The book I recently finished is a women's fiction about 4 friends. I start with what brought them together and give a plot point that runs through the book and is another connection. After that, I write a sentence on each character, mentioning their goal and conflict. I think it works.
I love this post! I have been struggling with this very thing for soooooo long now.
While my novel is a love story focused mostly on two people, they are part of a close group of friends (think St. Elmo's Fire, or The Big Chill, or Almost Famous), but the group is not secondary to the plot; they are a very big and important part of it. The first part of the novel shows the group together before a tragedy tears them apart, and the latter part of the novel shows the growth and change of each of them twenty-five years later. It's been so hard to write a hook that conveys that it's both a romantic love story and story of love between friends. I'm not really satisfied with the way I've done it so far, but the past few days I've been simmering a new idea on the back burner. We'll see ...
Anyway, the hook as it is now, reads:
Callie Monroe is alone in the world. More than anything, she wants a home of her own, and to feel she belongs somewhere. When the patrons of a neighborhood bar called Centerfolds take her in, she finds friendship and true love. But when a tragedy in her absence tears them apart, Callie ends up wandering through life alone again. Twenty-five years later, when she returns home to care for the mother who had forsaken her, Callie tries to piece together the tragedy that left her brokenhearted, and reunite the friends who were her true family. But the friends resist being found, and the stunning discovery Callie makes in the effort turns her life upside down, threatens her marriage, and promises to destroy her all over again.

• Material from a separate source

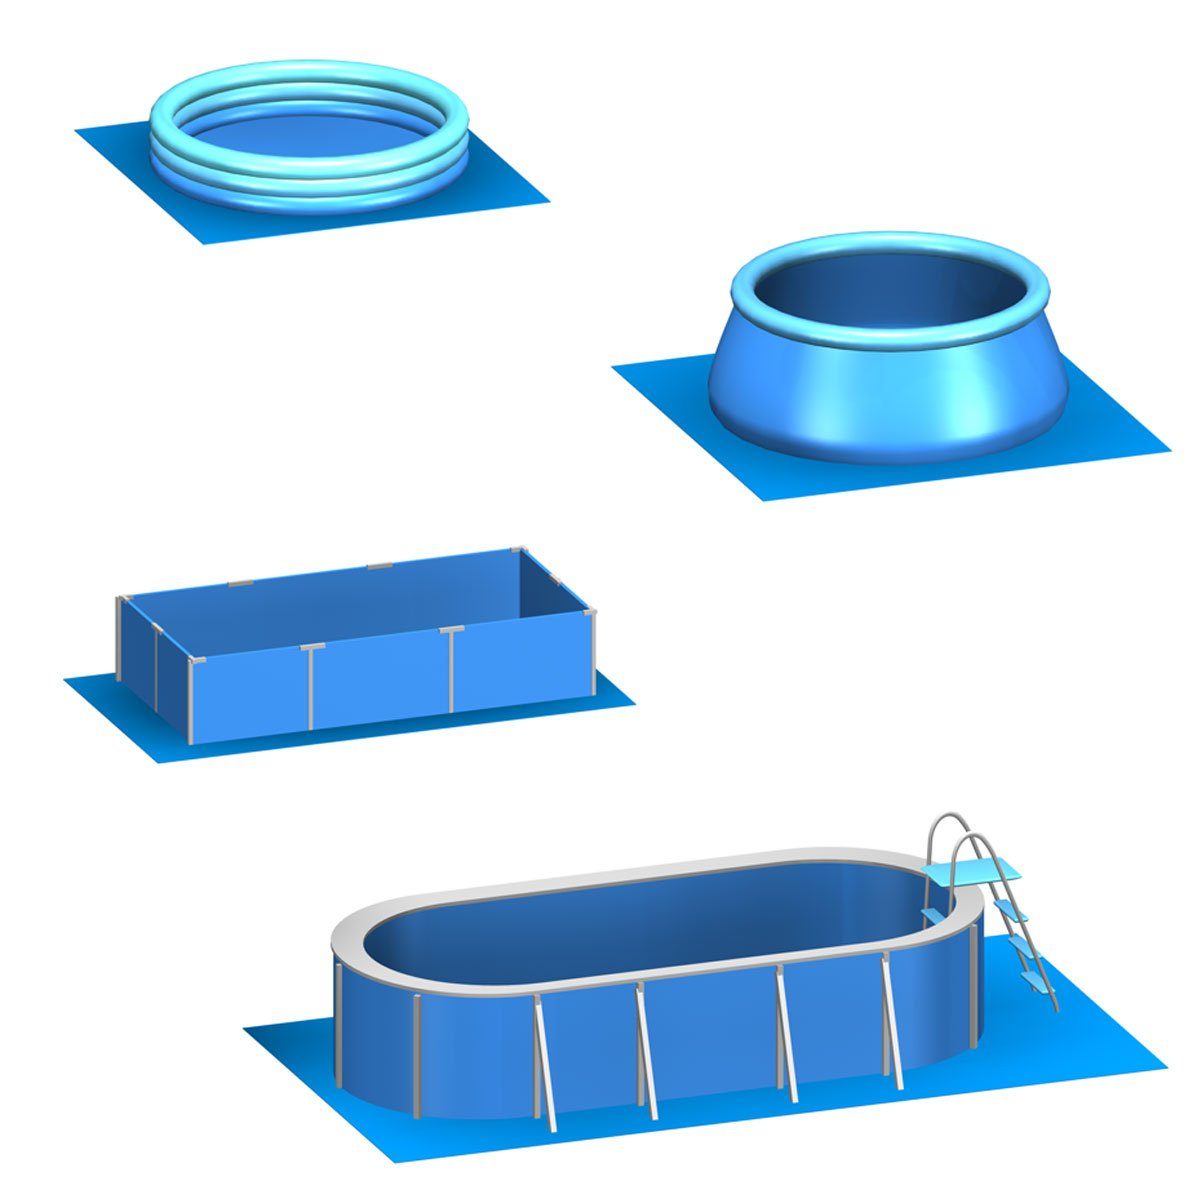 Blau 7 Set, EVA Bodenmatte rutschfest m² 20 62x62 Stecksystem Poolunterlage Matten eyepower Pool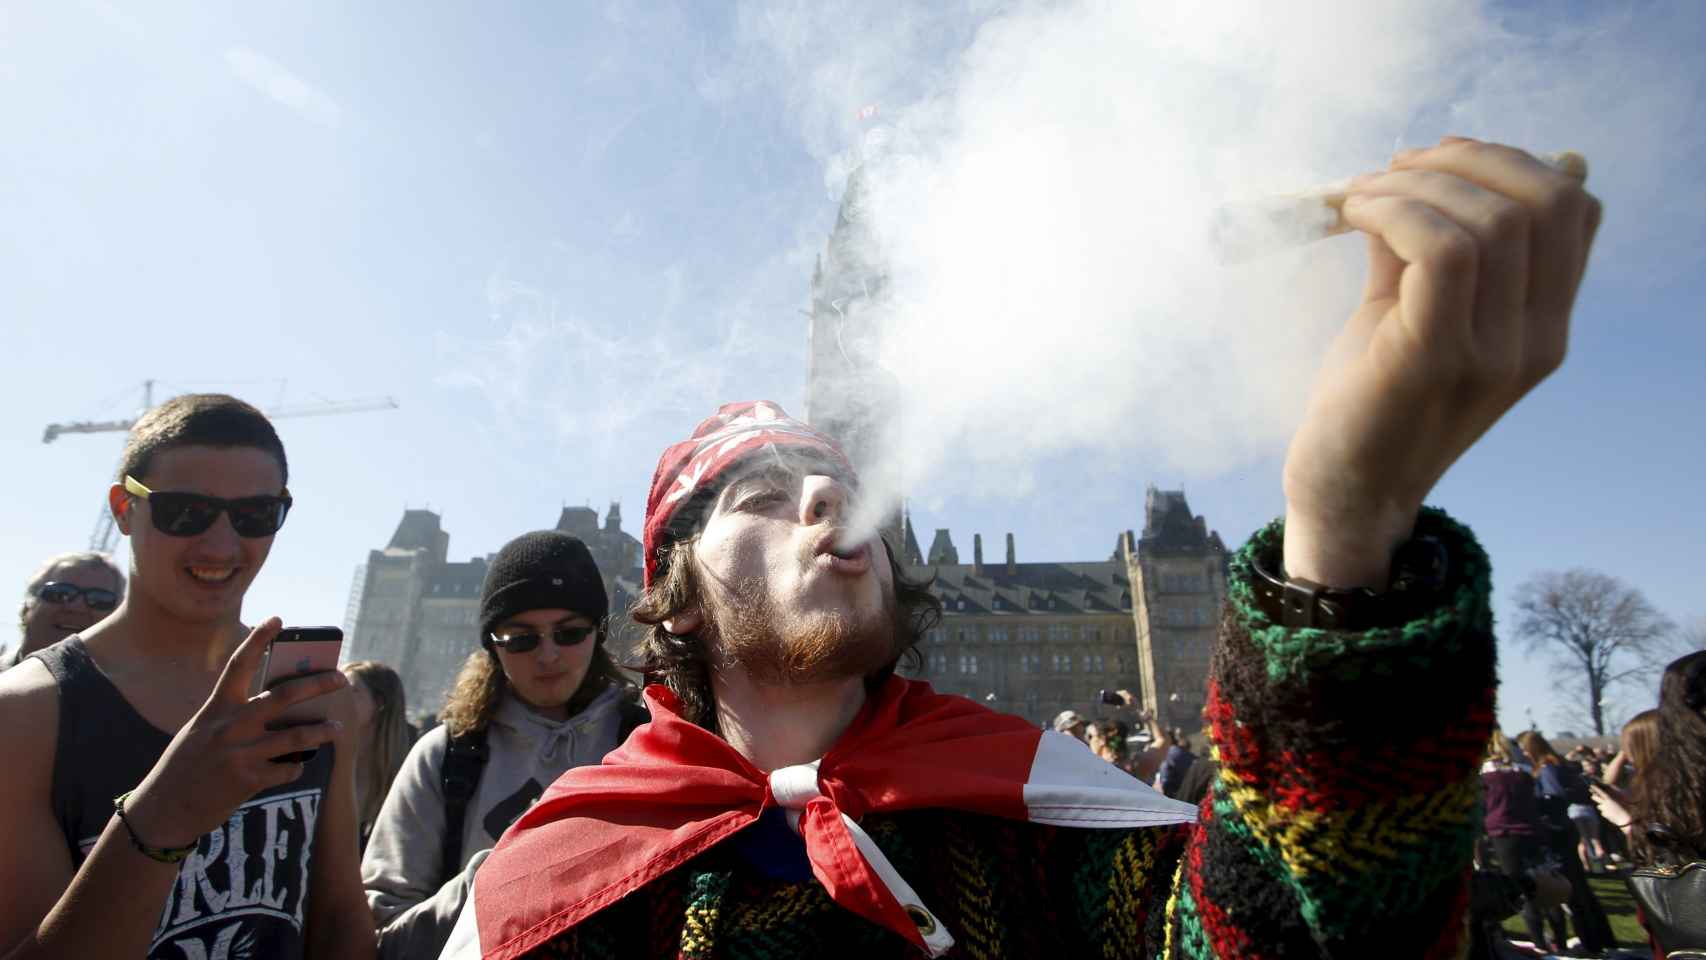 Un hombre fuma marihuana frente al Parlamento de Ottawa, en Canadá.

This is a tough one in my opinion. I've struggled with the notion as well, where I had two main characters that I switched back and forth between throughout the story, and even had a few chapters with a couple of the significant minor characters. These were all first person pov's too. Lol. Ok, in retrospect perhaps a mistake. I liked all of these characters and wanted them to have their voice heard, if even in a small role. A year and a half later, and numerous rejections later, I finally decided that I liked the story enough to rewrite the thing in third person, with only the two main pov's involved. When writing a query for it, I found that every time I attempted to detail more than one character, the query ended up being too long, so I turned more to focusing on the plot elements and just hinting at the major character issues that help drive the story. I wish I had a good answer for this one. I don't. It's hard, that's all there is to it. At one point, I actually trimmed the whole story down to one sentence:
Guilt-ridden vampire teams up with an emotionally damaged FBI agent and chases a serial killer into the afterlife to stop him.
This ignores so much of the interesting bits in my story that I think makes it appealing, but it captures the barest essence of the story, leaving enough ambiguous questions like what sort of killer can cross to the other side, and is there a relationship between this vampire and the agent, and so forth.
Anyway. Good luck for all of you who are trying to query with multiple chars.